HOW TO COMPLETE THIS TASK - The records should be copied out again with no alteration.

INFORMATION SHOWN -
---------------
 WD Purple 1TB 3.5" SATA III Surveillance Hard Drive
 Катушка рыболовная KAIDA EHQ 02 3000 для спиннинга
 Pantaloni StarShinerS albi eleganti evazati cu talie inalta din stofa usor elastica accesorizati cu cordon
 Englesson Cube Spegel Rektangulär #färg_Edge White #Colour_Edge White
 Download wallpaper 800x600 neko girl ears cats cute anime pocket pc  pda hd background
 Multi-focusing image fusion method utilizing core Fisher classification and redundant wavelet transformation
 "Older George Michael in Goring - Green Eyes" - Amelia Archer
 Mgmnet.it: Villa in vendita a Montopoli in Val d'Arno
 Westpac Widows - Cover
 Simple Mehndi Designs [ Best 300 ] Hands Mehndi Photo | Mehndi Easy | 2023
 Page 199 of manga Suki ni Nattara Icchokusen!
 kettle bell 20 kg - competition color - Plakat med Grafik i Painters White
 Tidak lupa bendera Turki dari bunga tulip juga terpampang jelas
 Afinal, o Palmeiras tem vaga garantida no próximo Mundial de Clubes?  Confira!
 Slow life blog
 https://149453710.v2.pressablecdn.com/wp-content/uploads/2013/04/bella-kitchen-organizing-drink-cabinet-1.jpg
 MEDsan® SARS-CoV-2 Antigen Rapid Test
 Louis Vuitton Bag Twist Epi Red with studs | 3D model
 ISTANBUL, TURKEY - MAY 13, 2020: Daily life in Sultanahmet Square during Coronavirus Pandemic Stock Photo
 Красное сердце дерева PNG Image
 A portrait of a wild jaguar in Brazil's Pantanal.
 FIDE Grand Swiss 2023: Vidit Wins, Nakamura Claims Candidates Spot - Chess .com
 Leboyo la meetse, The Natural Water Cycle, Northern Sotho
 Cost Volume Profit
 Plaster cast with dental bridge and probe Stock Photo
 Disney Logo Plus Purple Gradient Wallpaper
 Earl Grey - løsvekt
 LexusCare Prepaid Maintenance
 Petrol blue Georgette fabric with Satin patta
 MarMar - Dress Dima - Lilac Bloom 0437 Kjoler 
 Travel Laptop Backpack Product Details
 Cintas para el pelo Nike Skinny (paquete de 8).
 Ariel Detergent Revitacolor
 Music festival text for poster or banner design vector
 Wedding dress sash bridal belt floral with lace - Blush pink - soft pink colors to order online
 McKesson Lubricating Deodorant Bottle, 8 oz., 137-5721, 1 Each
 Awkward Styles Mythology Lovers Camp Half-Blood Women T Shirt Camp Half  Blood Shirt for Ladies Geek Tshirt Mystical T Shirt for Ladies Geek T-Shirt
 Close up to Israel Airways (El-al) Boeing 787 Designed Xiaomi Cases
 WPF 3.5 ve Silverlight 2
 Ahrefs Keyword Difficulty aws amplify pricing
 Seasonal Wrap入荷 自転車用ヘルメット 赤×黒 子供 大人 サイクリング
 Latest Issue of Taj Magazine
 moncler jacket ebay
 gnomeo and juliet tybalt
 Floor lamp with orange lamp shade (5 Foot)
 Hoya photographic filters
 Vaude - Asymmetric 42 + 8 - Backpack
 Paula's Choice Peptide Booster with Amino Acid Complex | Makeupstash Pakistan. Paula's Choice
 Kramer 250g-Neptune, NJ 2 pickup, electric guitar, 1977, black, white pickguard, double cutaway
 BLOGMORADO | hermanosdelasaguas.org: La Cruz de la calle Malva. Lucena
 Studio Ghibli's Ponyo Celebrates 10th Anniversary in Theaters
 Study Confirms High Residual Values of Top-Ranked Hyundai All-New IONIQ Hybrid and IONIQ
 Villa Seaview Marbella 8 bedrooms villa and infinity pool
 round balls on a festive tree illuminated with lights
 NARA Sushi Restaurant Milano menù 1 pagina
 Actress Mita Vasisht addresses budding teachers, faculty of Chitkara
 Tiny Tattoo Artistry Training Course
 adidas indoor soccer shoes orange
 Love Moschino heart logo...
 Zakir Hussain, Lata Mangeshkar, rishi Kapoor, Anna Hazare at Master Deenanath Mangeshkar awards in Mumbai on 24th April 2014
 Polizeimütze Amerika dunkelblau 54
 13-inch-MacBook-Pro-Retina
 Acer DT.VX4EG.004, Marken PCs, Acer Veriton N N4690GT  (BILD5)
---------------
WRITTEN SOLUTION -
 WD Purple 1TB 3.5" SATA III Surveillance Hard Drive
 Катушка рыболовная KAIDA EHQ 02 3000 для спиннинга
 Pantaloni StarShinerS albi eleganti evazati cu talie inalta din stofa usor elastica accesorizati cu cordon
 Englesson Cube Spegel Rektangulär #färg_Edge White #Colour_Edge White
 Download wallpaper 800x600 neko girl ears cats cute anime pocket pc  pda hd background
 Multi-focusing image fusion method utilizing core Fisher classification and redundant wavelet transformation
 "Older George Michael in Goring - Green Eyes" - Amelia Archer
 Mgmnet.it: Villa in vendita a Montopoli in Val d'Arno
 Westpac Widows - Cover
 Simple Mehndi Designs [ Best 300 ] Hands Mehndi Photo | Mehndi Easy | 2023
 Page 199 of manga Suki ni Nattara Icchokusen!
 kettle bell 20 kg - competition color - Plakat med Grafik i Painters White
 Tidak lupa bendera Turki dari bunga tulip juga terpampang jelas
 Afinal, o Palmeiras tem vaga garantida no próximo Mundial de Clubes?  Confira!
 Slow life blog
 https://149453710.v2.pressablecdn.com/wp-content/uploads/2013/04/bella-kitchen-organizing-drink-cabinet-1.jpg
 MEDsan® SARS-CoV-2 Antigen Rapid Test
 Louis Vuitton Bag Twist Epi Red with studs | 3D model
 ISTANBUL, TURKEY - MAY 13, 2020: Daily life in Sultanahmet Square during Coronavirus Pandemic Stock Photo
 Красное сердце дерева PNG Image
 A portrait of a wild jaguar in Brazil's Pantanal.
 FIDE Grand Swiss 2023: Vidit Wins, Nakamura Claims Candidates Spot - Chess .com
 Leboyo la meetse, The Natural Water Cycle, Northern Sotho
 Cost Volume Profit
 Plaster cast with dental bridge and probe Stock Photo
 Disney Logo Plus Purple Gradient Wallpaper
 Earl Grey - løsvekt
 LexusCare Prepaid Maintenance
 Petrol blue Georgette fabric with Satin patta
 MarMar - Dress Dima - Lilac Bloom 0437 Kjoler 
 Travel Laptop Backpack Product Details
 Cintas para el pelo Nike Skinny (paquete de 8).
 Ariel Detergent Revitacolor
 Music festival text for poster or banner design vector
 Wedding dress sash bridal belt floral with lace - Blush pink - soft pink colors to order online
 McKesson Lubricating Deodorant Bottle, 8 oz., 137-5721, 1 Each
 Awkward Styles Mythology Lovers Camp Half-Blood Women T Shirt Camp Half  Blood Shirt for Ladies Geek Tshirt Mystical T Shirt for Ladies Geek T-Shirt
 Close up to Israel Airways (El-al) Boeing 787 Designed Xiaomi Cases
 WPF 3.5 ve Silverlight 2
 Ahrefs Keyword Difficulty aws amplify pricing
 Seasonal Wrap入荷 自転車用ヘルメット 赤×黒 子供 大人 サイクリング
 Latest Issue of Taj Magazine
 moncler jacket ebay
 gnomeo and juliet tybalt
 Floor lamp with orange lamp shade (5 Foot)
 Hoya photographic filters
 Vaude - Asymmetric 42 + 8 - Backpack
 Paula's Choice Peptide Booster with Amino Acid Complex | Makeupstash Pakistan. Paula's Choice
 Kramer 250g-Neptune, NJ 2 pickup, electric guitar, 1977, black, white pickguard, double cutaway
 BLOGMORADO | hermanosdelasaguas.org: La Cruz de la calle Malva. Lucena
 Studio Ghibli's Ponyo Celebrates 10th Anniversary in Theaters
 Study Confirms High Residual Values of Top-Ranked Hyundai All-New IONIQ Hybrid and IONIQ
 Villa Seaview Marbella 8 bedrooms villa and infinity pool
 round balls on a festive tree illuminated with lights
 NARA Sushi Restaurant Milano menù 1 pagina
 Actress Mita Vasisht addresses budding teachers, faculty of Chitkara
 Tiny Tattoo Artistry Training Course
 adidas indoor soccer shoes orange
 Love Moschino heart logo...
 Zakir Hussain, Lata Mangeshkar, rishi Kapoor, Anna Hazare at Master Deenanath Mangeshkar awards in Mumbai on 24th April 2014
 Polizeimütze Amerika dunkelblau 54
 13-inch-MacBook-Pro-Retina
 Acer DT.VX4EG.004, Marken PCs, Acer Veriton N N4690GT  (BILD5)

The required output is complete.